The are many other types of NoSQL databases, but not enough time to cover here. They can still be useful in augmenting traditional data warehouses.
Data Virtualization is a great way to bridge the gap between NoSQL and SQL based tools. This allows for traditional business intelligence tools to access data stores that they wouldn’t normally be able to. The cool thing about virtualization tools is that business logic lives in this integration layer – allowing for faster changes to the process that builds the data endpoint.
With all the various sources, the virtualization tool will have one or many translation layers. These translation layers interpret the data between the source system and SQL. Between the initial translation layer and the final virtual data marts are any number of rules layers. These rules layers act in a similar manner to ETL (data integration) but they are inside the virtualization tool. From there, data marts can be created virtually as well. At any of those layers changes can be made quickly and will immediately impact the layers above the one where changes are made.

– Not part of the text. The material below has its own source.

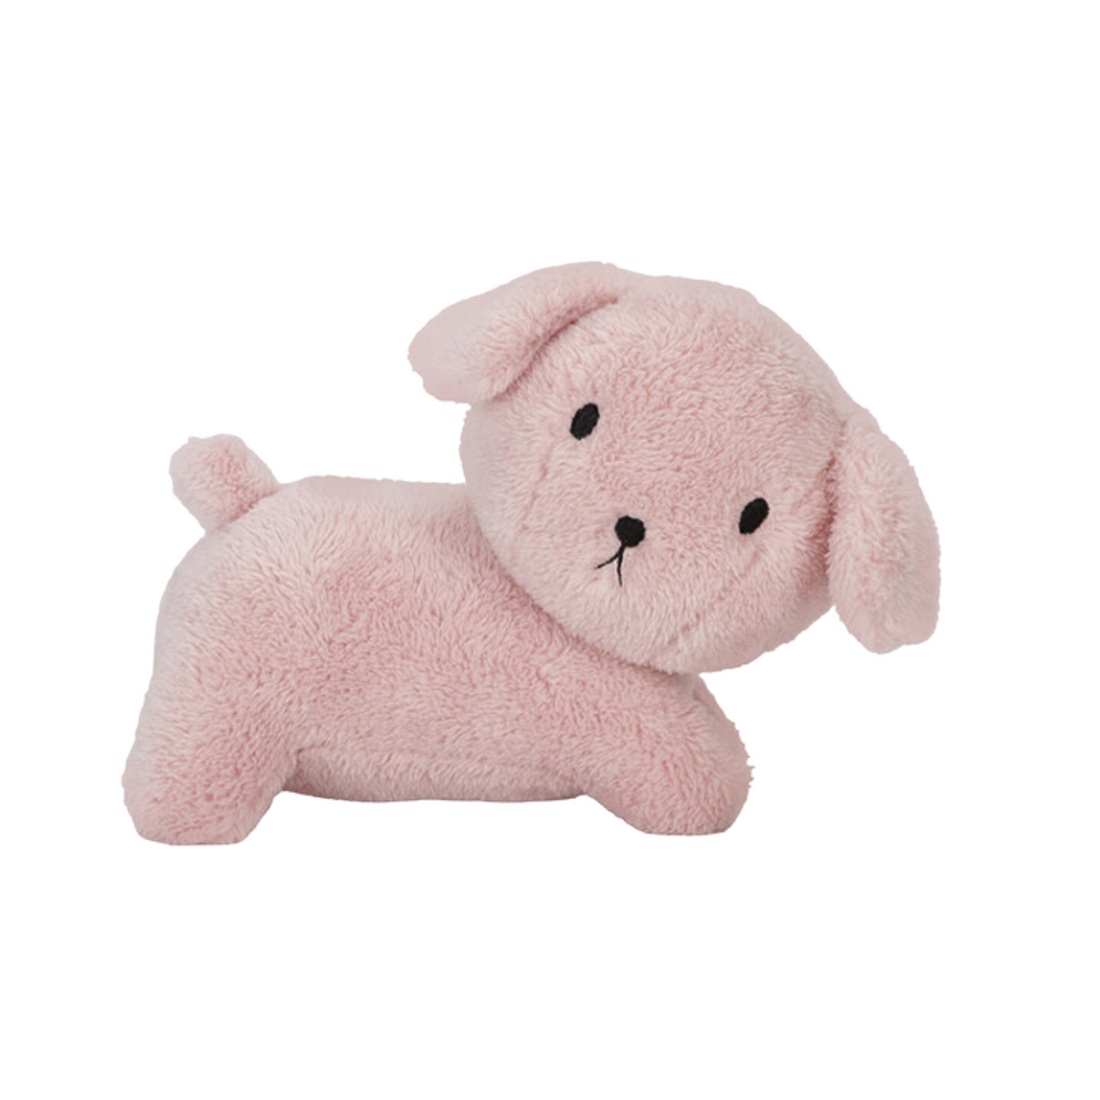 Plush puppy - Fluffy Pink
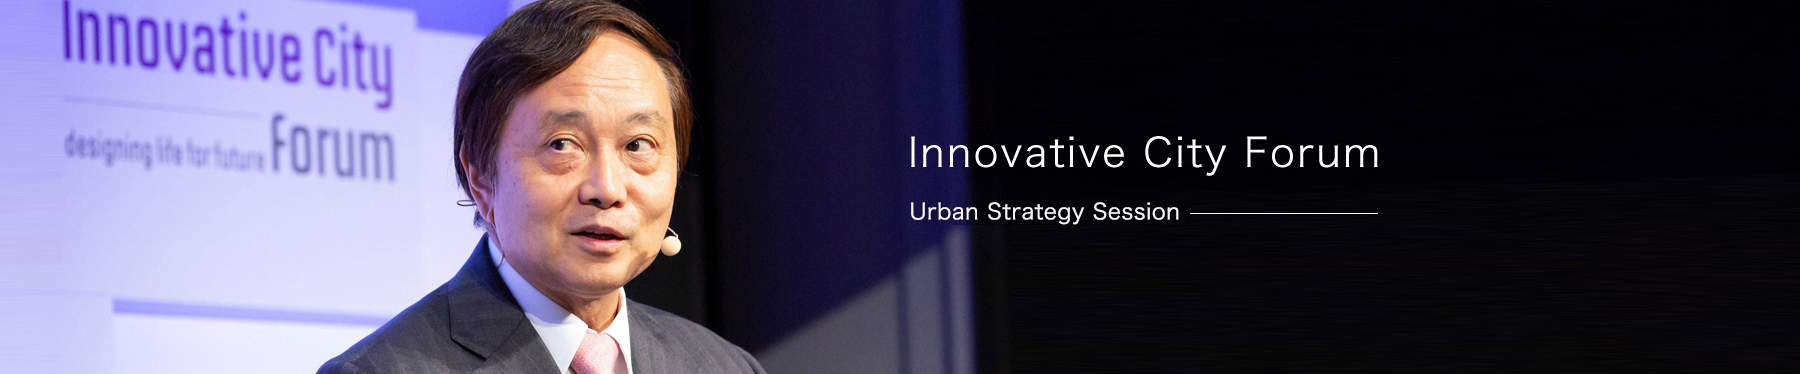 Innovative City Forum(ICF)Urban Strategy Session

With data virtualization, traditional tools can continue to access data marts, both virtual and real. In addition, tools that can access the source systems can go either into the virtualized layers or access the systems directly, depending on the use case/need.
The final method we’ll be discussing is some of Inmon’s latest work – Textual Disambiguation. At it’s basic core, the methodology takes unstructured data and interprets it into it’s language components and defines it’s textual context. From there, the data can be stored in an even higher normalized form that we discussed with anchor modeling and augment the traditional warehouse with a veritable cornucopia of new information that can be utilized using SQL.